A coverage measure generally indicates (usually as a percentage) what portion of the respective measurement criterion was achieved/completed/executed by the software tests. The individual measures have the following meanings:
Entry Point Coverage:
The measurement criterion is the entry points into the software. In the C programming language, these are the functions. (A label in C can only be accessed from within the function containing the label. In our context, labels are therefore not entry points into the software.) If the software under test consists of 100 functions, and 75 of these functions have been called at least once in previous tests, the entry point coverage is 75%. Entry point coverage provides a very limited indication. This is because functions can vary greatly in size, and it doesn't matter what portion of the function was executed in a single call.
Statement Coverage:
The measurement criterion is the number of instructions in the software. Statement coverage therefore indicates the proportion of instructions executed by the tests relative to the total number of instructions. The usefulness of statement coverage becomes apparent when values < 100% detect instructions that were never executed during the tests. Depending on the programming language, it can be difficult to define precisely what constitutes an instruction.
Branch Coverage:
The measurement criterion is the number of branches in the software.
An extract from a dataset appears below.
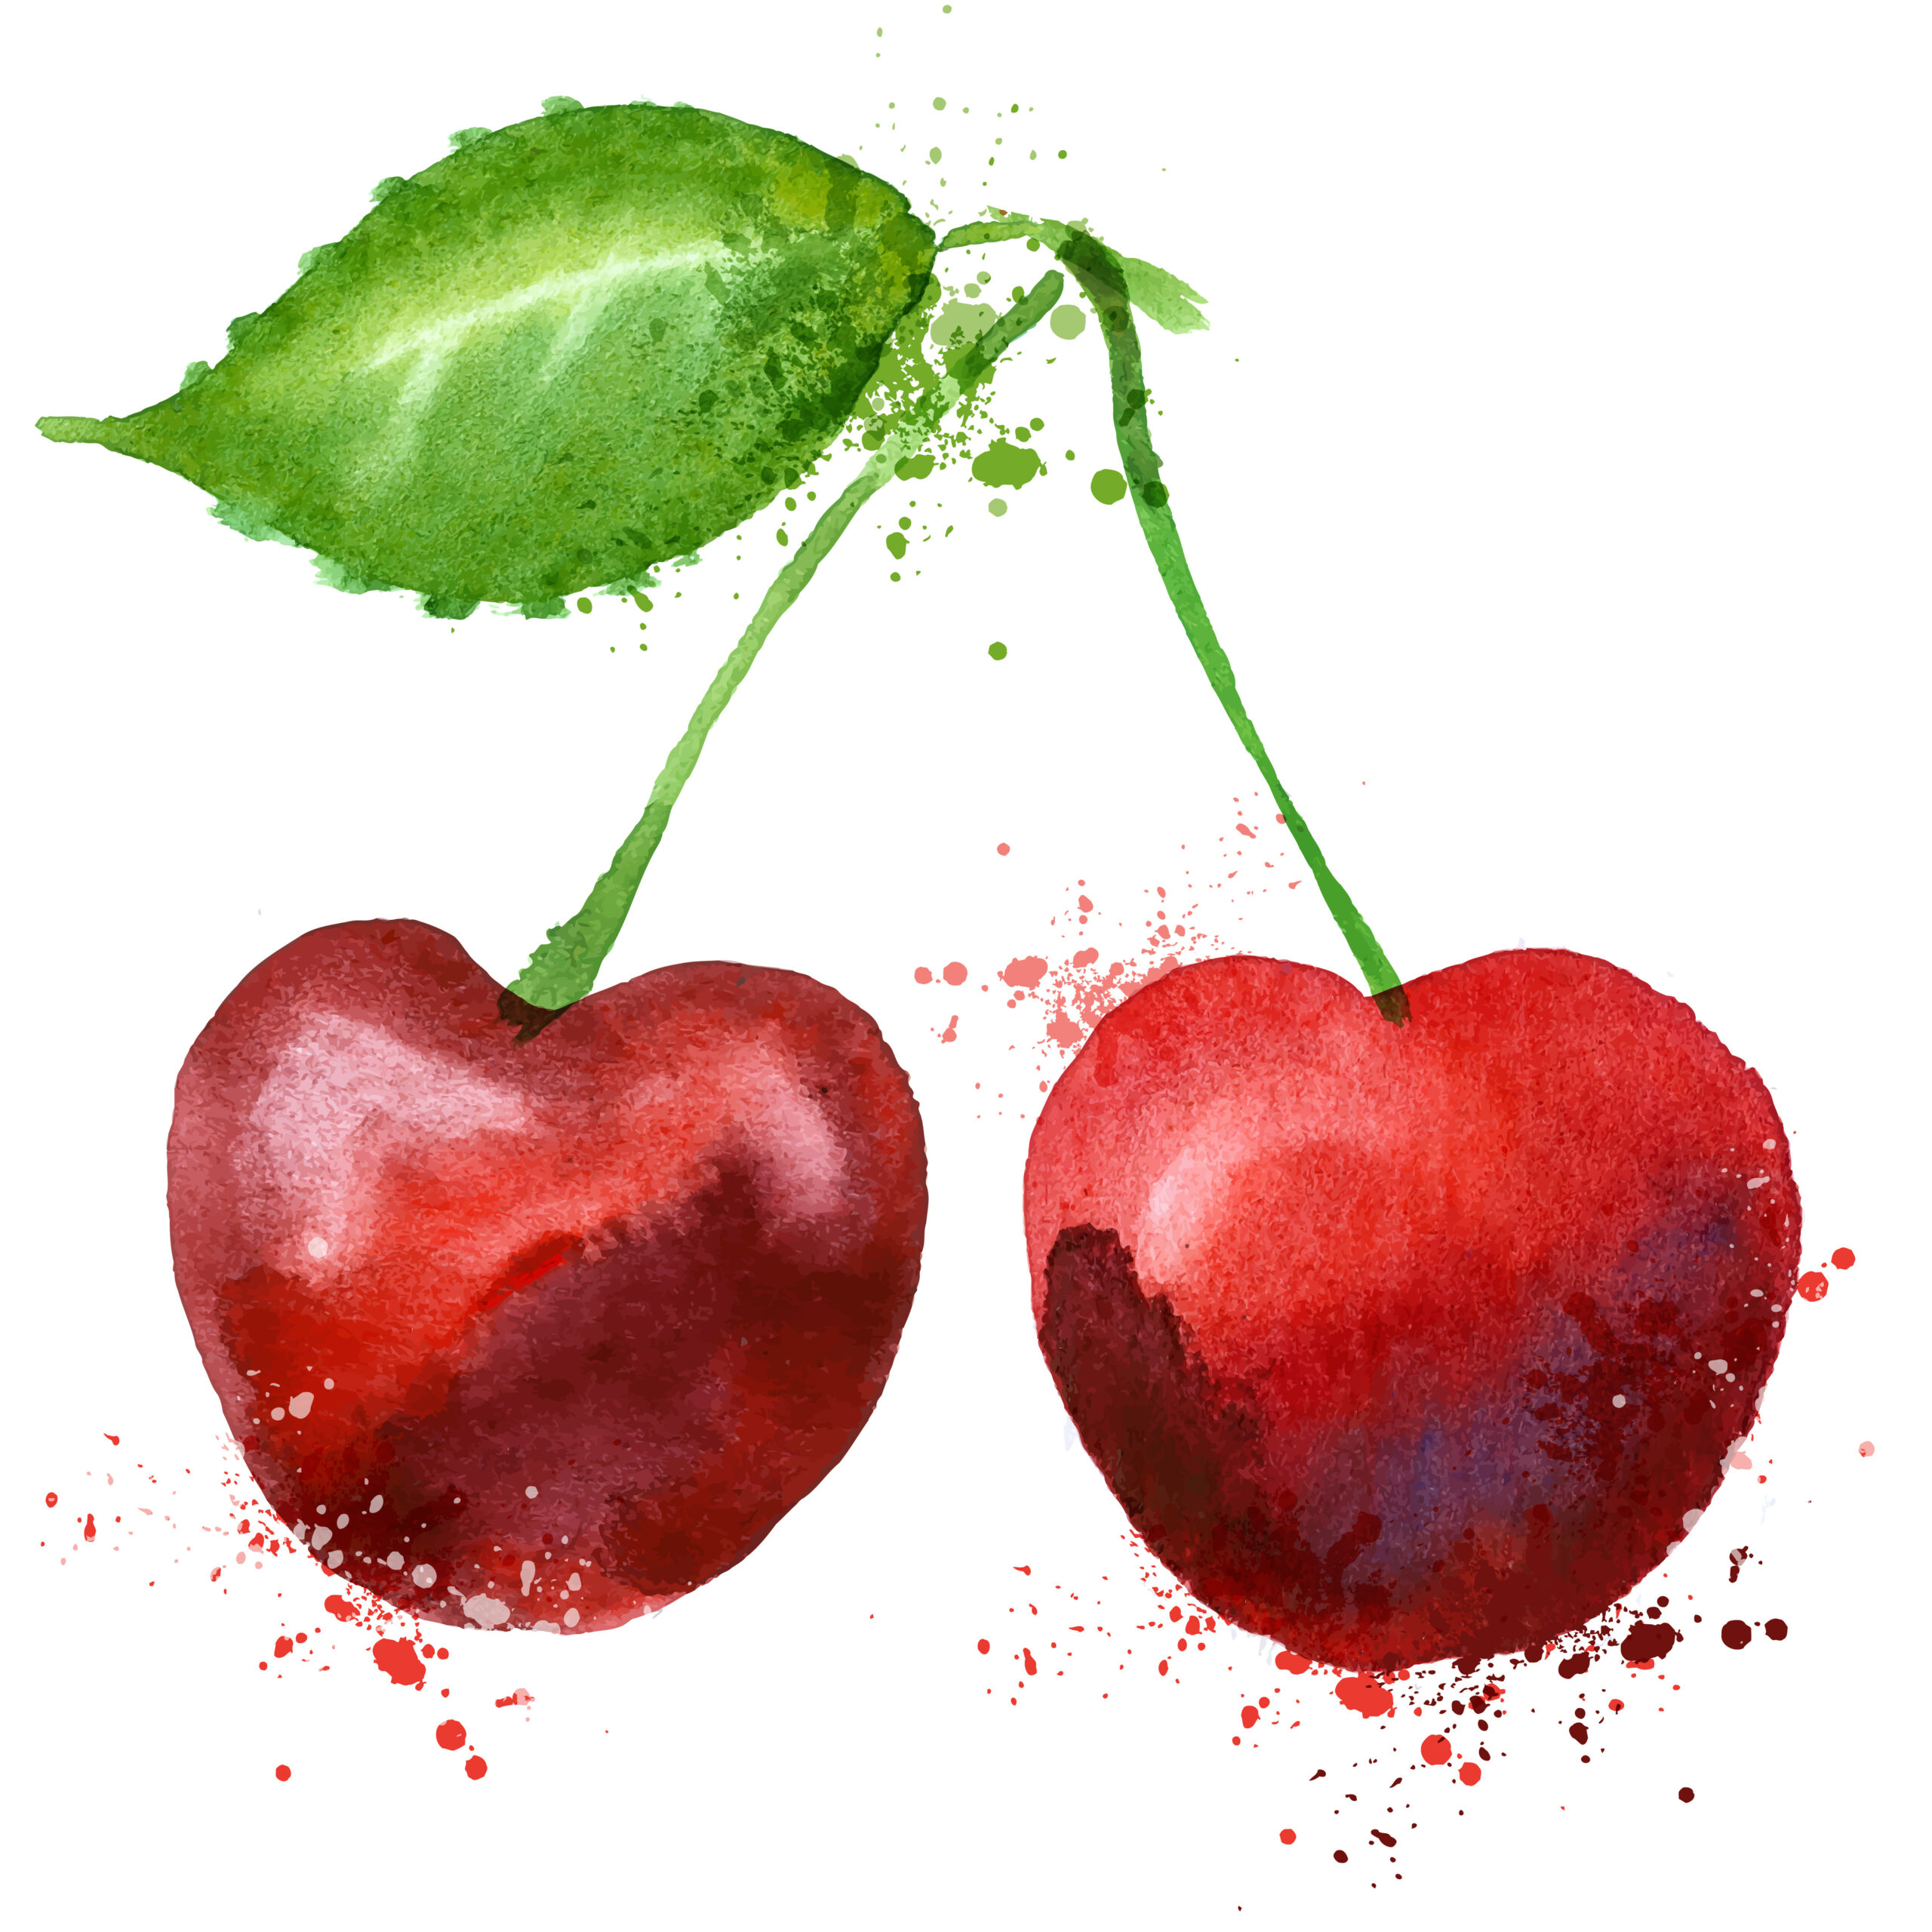 watercolor drawing. cherries on a white background. vector illustration

Branch coverage therefore indicates the proportion of branches executed by the tests relative to the total number of branches. An if statement, for example, has two branches: the then branch and the else branch. Surprisingly for some, the else branch exists even if it wasn't explicitly programmed. (ISO 26262 feels compelled to point this out explicitly.) Branches also exist in other statements, of course; for example, the do-while loop has a "back" branch (which is never executed in while(0)). In switch statements, a branch leads to each case label, raising the question of whether this should also apply when several labels appear consecutively and thus collectively mark the beginning of a block of statements. (The author believes the answer is "yes" and is happy to provide further information.) Branch coverage obviously yields a better test result than statement coverage, because branch coverage, for example, uncovers unexecuted non-existent else branches, which statement coverage cannot.
Decision Coverage:
The measurement criterion here is the decisions made in the software. Many equate decision coverage with branch coverage. For them, for example, the if statement contains a decision, and the then branch of the if statement is executed if the decision is true, and the else part of the if statement is executed if the decision is false. Thus, they (incorrectly) conclude that 100% branch coverage also implies 100% decision coverage. However, if one examines the definition of decision coverage in [DO-178C] and related papers [CAST-10] more closely, it turns out that the structure of a decision is also considered. Decisions, therefore, consist of conditions linked by Boolean operators. Decision coverage is thus more accurately described as a condition coverage measure. (With regard to branch coverage, decisions are monolithic.) To achieve 100% decision coverage, all conditions in a decision contained in the program must have evaluated as true at least once and false at least once. Under these conditions, one can construct examples where 100% branch coverage is achieved, but not 100% decision coverage. This will not be discussed further here. (The author will gladly provide an example with explanations upon request.)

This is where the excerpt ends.